The Connections Our Buttons Make

By | May 16, 2007

CapOnce we create all that attention data, think of the whacky things we can do with it.

I’ve been banging on about attention data for a while now, and I apologise. (For an explanation and a bit of background, go here.) But I can’t help seeing stuff through that prism nowadays. Like this camera called Buttons that doesn’t take pictures but times, and then searches the Internet for photographs taken at that second:

It is a camera that will capture a moment at the press of a button. However, unlike a conventional analog or digital camera, this one doesn’t have any optical parts. It allows you to capture your moment but in doing so, it effectively seperates it from the subject.
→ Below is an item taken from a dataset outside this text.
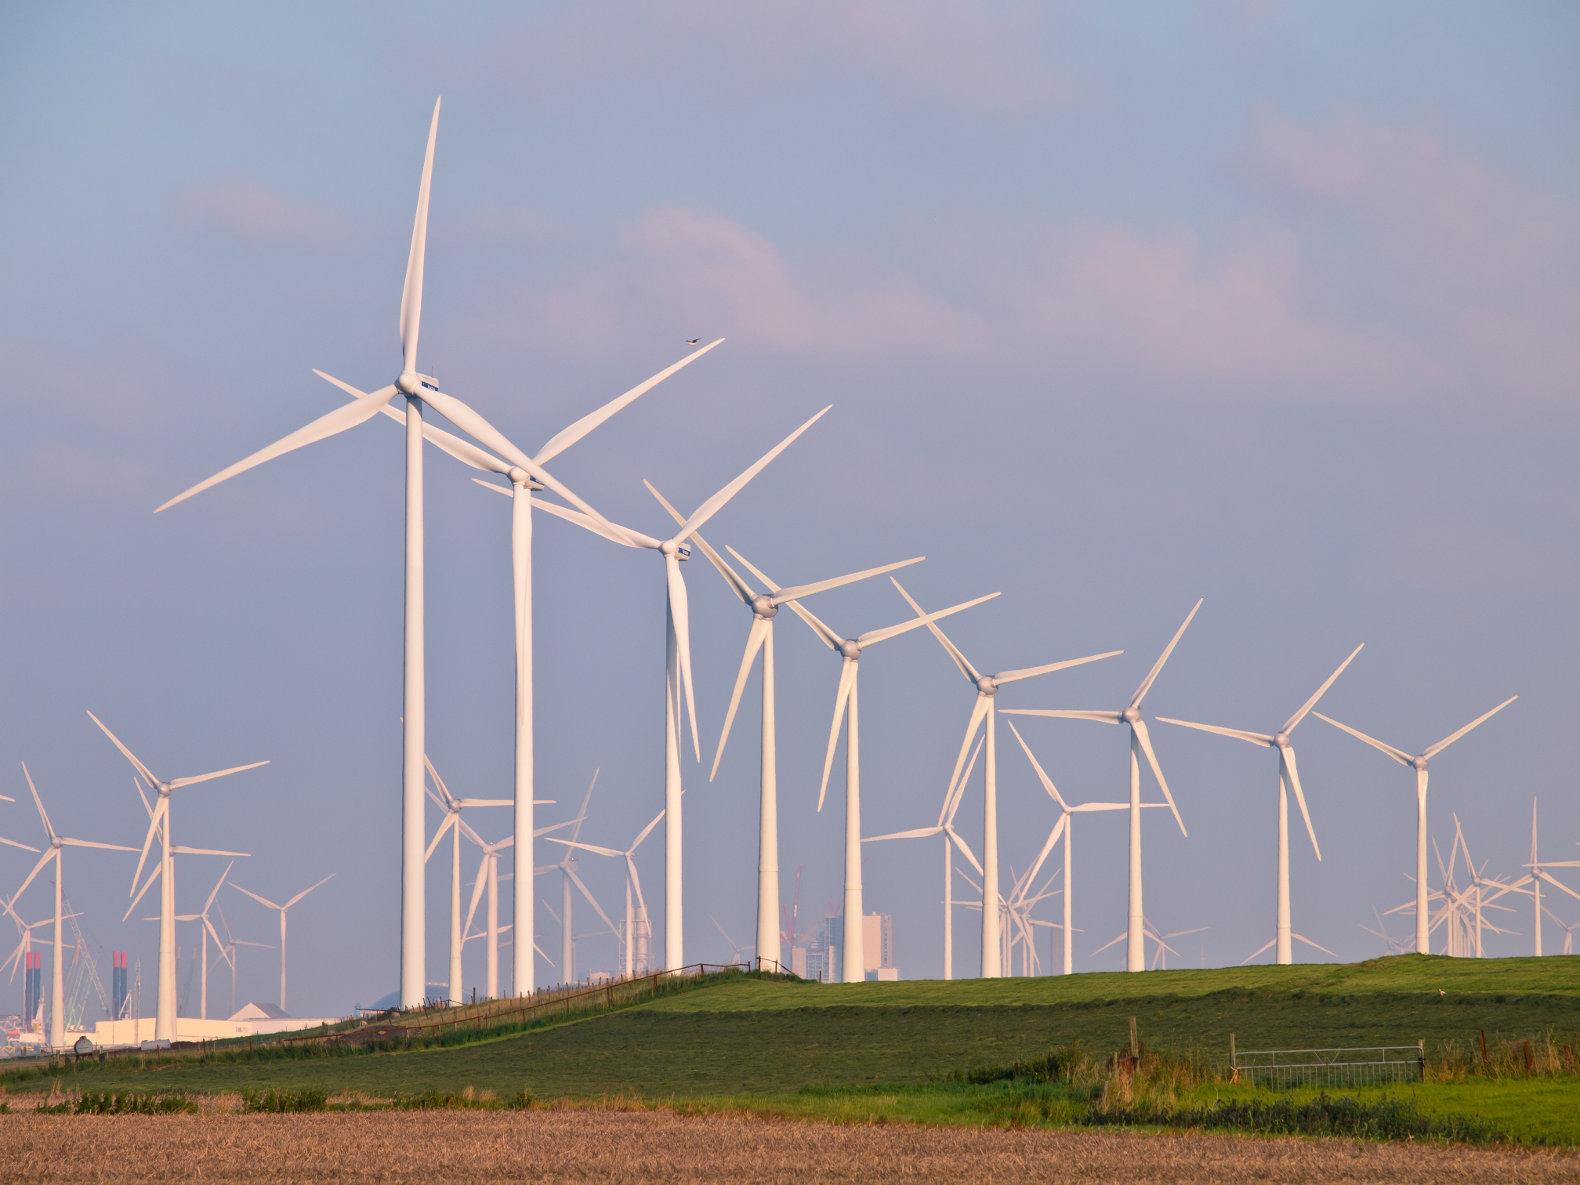 Инновационная ветровая турбина для сильных штормов Исландии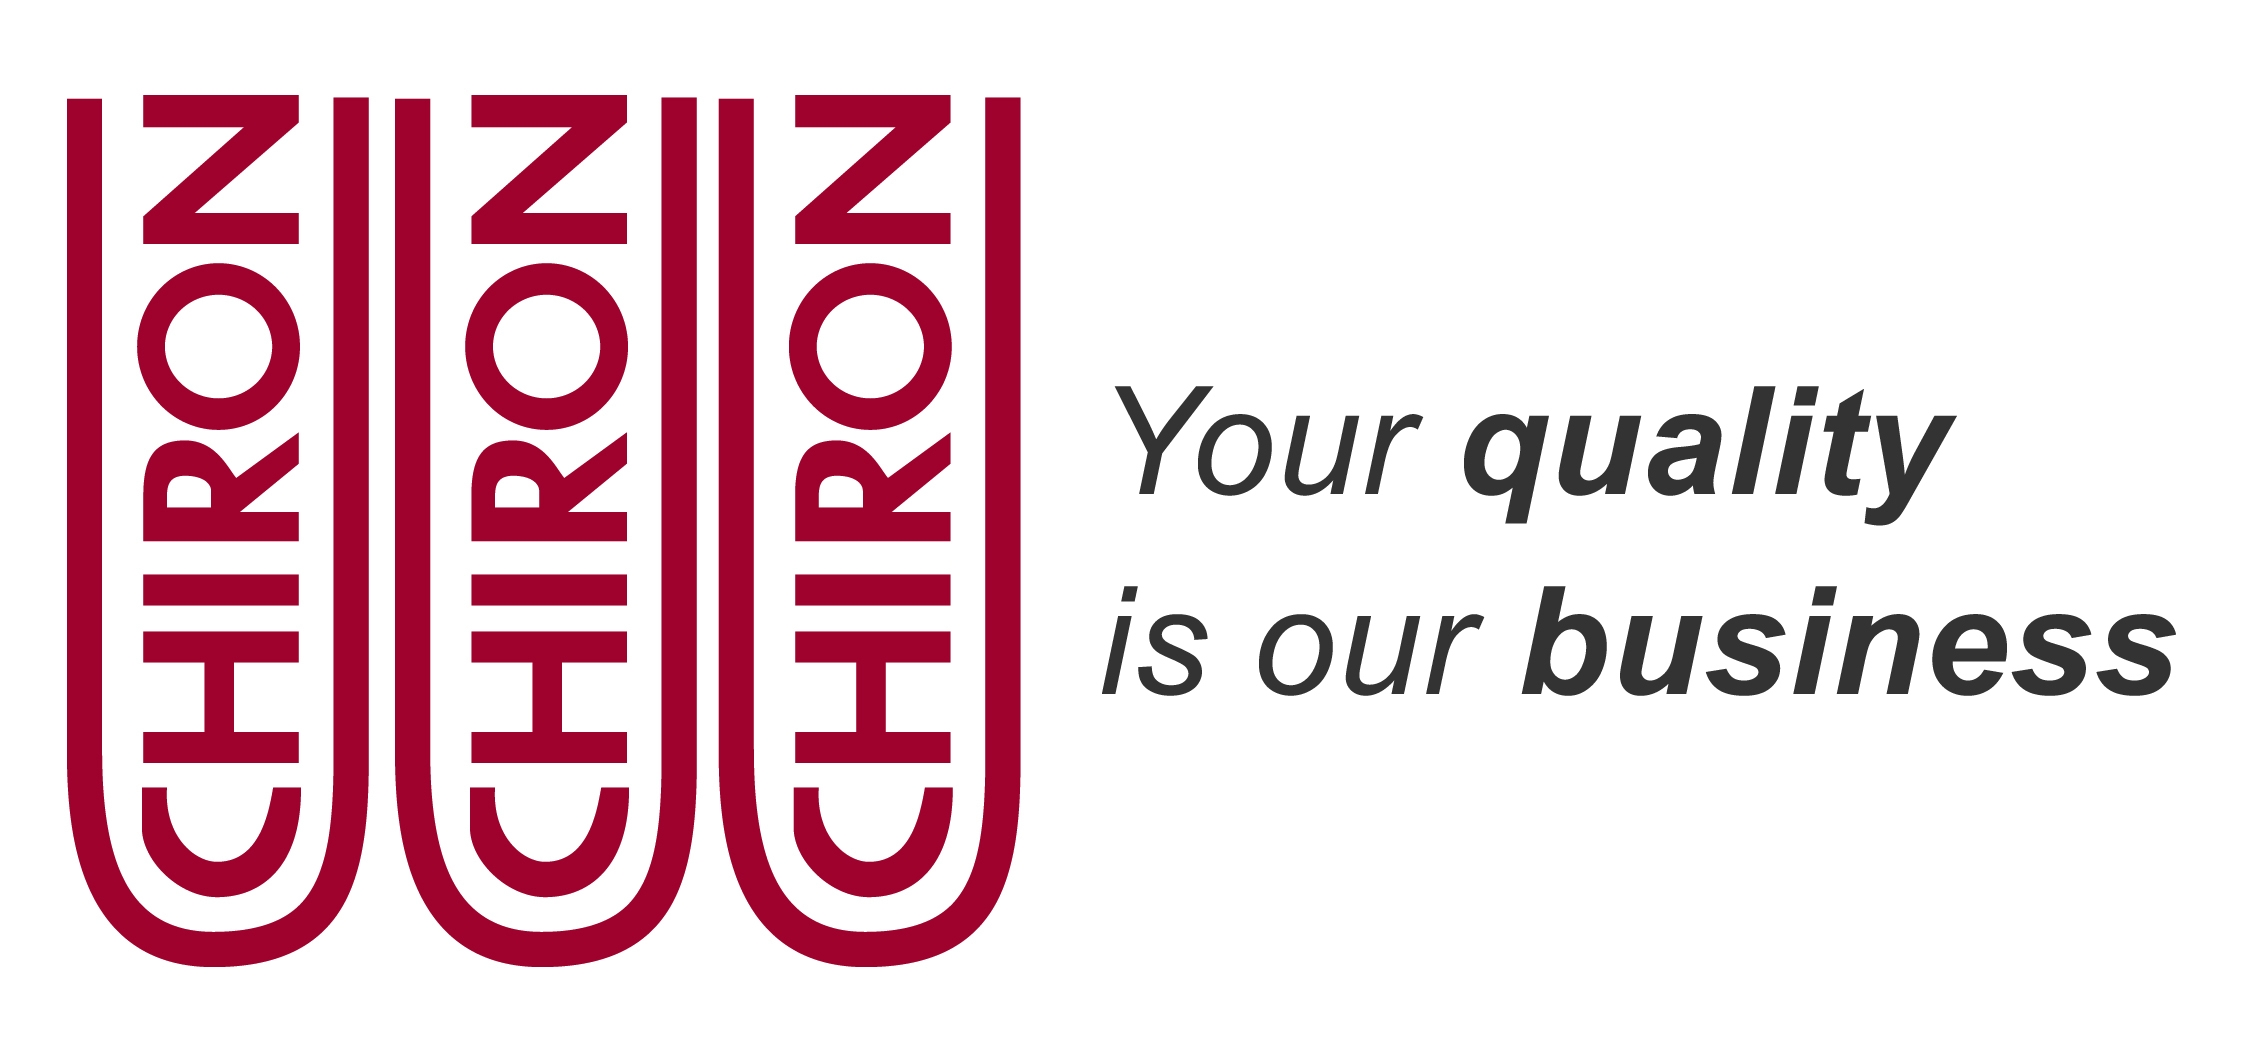 Chiron logo

Instead, as you will memorize the moment, the camera memorizes only the time and starts to continuously search on the net for other photos that have been taken in the very same moment.

Basically the camera is a phone inside a sort of camera case. Press the button and the phone searches Flickr for photos taken at that moment. (Of course, this may take a little time.)

A lovely idea and a fascinating one. I seem to recall a photography project here where individuals were given cameras and told to take photos at the exact same moment around the city. Danged if I can remember what it was called. But as Tim O’Reilly points out in the comments on a post by Nikolaj Nyholm, it has even greater potential beyond the variable of time:

I imagine that with geolocation, you could potentially go one better. Imagine a camera that does take a picture, but also initiates a search for all other pictures taken at that same location (and optionally at the same time of day/year.)

Less poetic a vision than that of Sascha Pohflepp, creator of Buttons, but possibly more relevant to many users. I’d certainly love to see Google Earth etc use time more in their layers, so that it’s possible to get historical changes in a place (say 3D models of old buildings that no longer exist, or photos like those extraordinary collections created by the UNEP which depict changes in the environment.)

But the main idea here is to use the metadata embedded in attention streams (in this case, when or where a photo was taken) and match it with metadata from other streams. A bit like Last.fm, et al, where similarities are found between what music two quite separate people are listening to. The goal is as Sascha puts it, to subordinate the device to the bigger purpose of connecting people:

Even more so, it reduces the cameras to their networked buttons in order to create a link between two individuals.

The possibilities are endless, but it’s too early in the morning for me to think of any.